Collagen Dressings and Biological Coverings
Collagen sponges have shown better utility than biological coverings (Norton, 1981). In Second degree burn models on rabbits, a simple collagen sponge performed significantly better than pigskin (Oluwasami, 1976).
Common biological coverings are allografts (taken from the recipient), xenografts (taken from animal sources) and tissue culture derivatives (grown in a culture medium). Some of the advantages of biological coverings are: a reduction in bacteria population, reduction in evaporative losses, and prevention of further contamination (Pruitt, 1984). Such coverings may be very useful in case of individuals who suffer extensive loss of skin (Yannas, 1980). The new covering could serve as a template for synthesis of new connective tissue (Pruitt, 1984).

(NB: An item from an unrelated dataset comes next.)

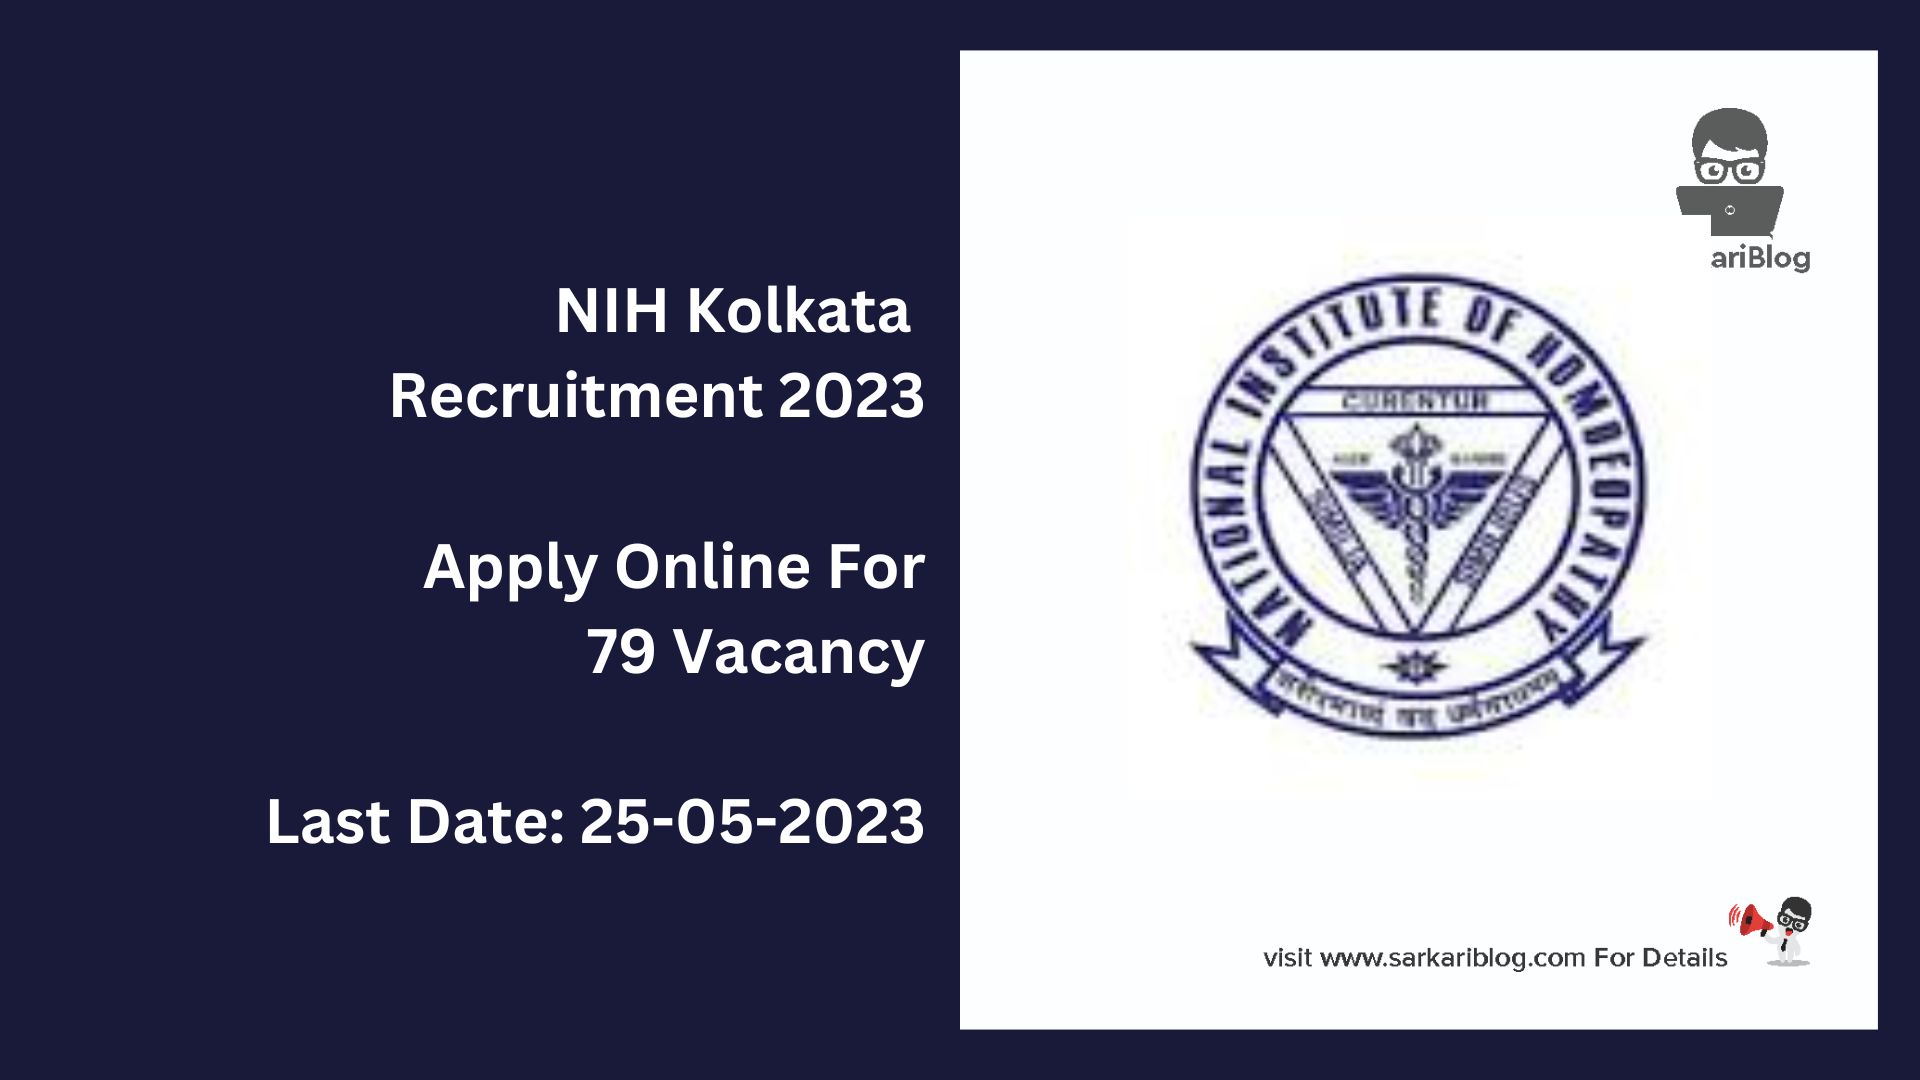 NIH Kolkata Recruitment 2023

However, for a majority of wounds, such dressings are neither favorable nor economically practical. Cultured cells or allografts or xenografts have not been perfected. For example, long-term assessment on wounds covered with cultured autologous keratinocytes showed that the wounds lacked anchoring fibrils which resulted in a fragile graft (Herzog, 1988).
Use of such biological coverings offers several other additional challenges:
- (i) The host body could show intolerance to the foreign body. Immunosuppressive drugs can be used to counteract the natural rejection response, however, the advantage of wound sterilization by natural immune response would than be lost (Queen, 1987). This could result in an increased risk of infection.
- (ii) They can be used only on wounds without any infections. The wounds have to be carefully prepared for application of these dressings. They should be used on wounds having full thickness skin loss with a granulating surface and fewer than 105 bacteria per gram of tissue (Peters, 1979). Further, infections cannot be observed after the application of dressing.
- (iii) Skin biopsies from patients with large wounds could be contaminated with microorganisms, which may overgrow in spite of antibiotics (Medstrat, 1989).
- (iv) Patients with extensive burn or related injuries need tissue culture biological dressings within five days to seven days to avoid risk of sepsis (Medstrat, 1989). It may take 14 days to 21 days to grow epidermal cells in a tissue culture medium.
- (v) Secondary and tertiary populations in a culture media may undergo mutagenic changes.
- (vi) Porcine skin is not like the human skin at the microscopic level (Queen, 1987). They have poor mechanical properties and tend to split into separate layers (Chatterjee, 1987). They are not living tissues and do not establish a true vascular connection with the granulation bed (Peters, 1979).
- (vii) Allografts have a shelf life of only seven days to 10 days when the tissue is stored at 4ºC. The possibility of disease transmission requires a very careful donor selection, limiting the pool available for harvest (Pruitt, 1984).
- (viii) The manufacture of biological dressings is a tedious process and biological coverings are prohibitively expensive.
- (ix) Use of biological dressings requires specialized training on the part of the physicians.